For the six months ended July 31, 1999, capital expenditures totaled $11,033,000
compared with $8,395,000 purchased during the corresponding 1998 period. Capital
expenditures for new facilities, machinery, equipment and tooling over the
preceding five years totaled approximately $88,567,000. Planned capital
expenditures for 1999 are estimated at $19,210,000 and include $4,459,000 for
implementation of an enterprise-wide software system to link all of the
Company's core business systems. Implementation will be phased-in throughout the
major operating units with completion scheduled for fiscal 2000. The Company
plans to use operating cash flows, leases and existing credit facilities to fund
1999 capital expenditures.
At its August 1998 meeting, the Board authorized the repurchase up to 500,000
Cascade common shares from time to time in the open market. During the first two
quarters the Company repurchased 175,600 shares at an average price of $10.53.
Repurchases to date totaled 400,000 shares at an average price of $12.09.
During the first two quarters, the U.S. dollar strengthened against the major
currencies included in the Company's financial consolidations. As a result, the
cumulative translation adjustment in the consolidated balance sheet decreased
shareholder's equity by $2,320,000 for the first six months.

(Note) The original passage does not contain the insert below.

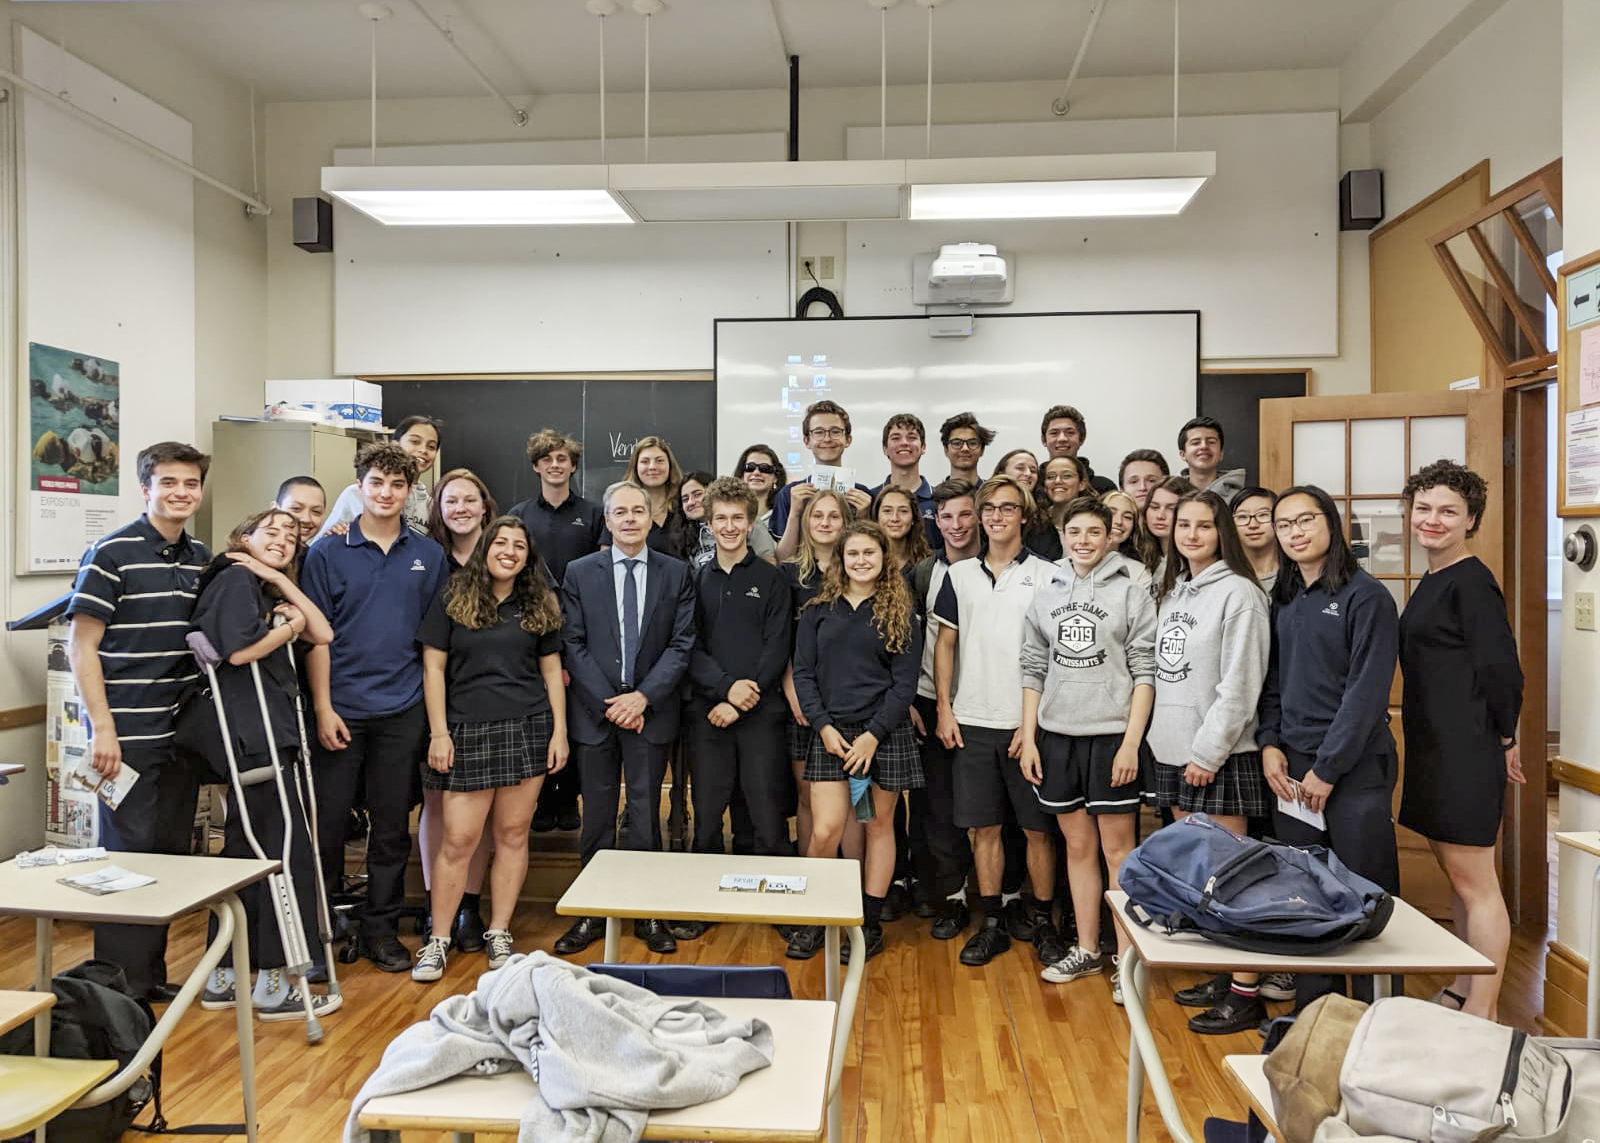 Le vendredi 31 mai 2019 — Le sénateur Pierre J. Dalphond rencontre des étudiants du 5e secondaire au Collège Notre-Dame à Montréal, Québec. Le sénateur a répondu aux questions pertinentes des étudiants sur le rôle du Sénat.

IMPACT OF THE YEAR 2000 ISSUE
The Year 2000 Issue is the result of computer programs being written using two
digits rather than four to define the applicable year. Some of the Company's
computer programs that have date-sensitive software may recognize a date using
"00" as the year 1900 rather than the year 2000. This could result in a system
failure or miscalculations
<PAGE>
causing disruptions of operations, including, among other things, a temporary
inability to process transactions, send invoices, ship product or engage in
any number of similar business activities.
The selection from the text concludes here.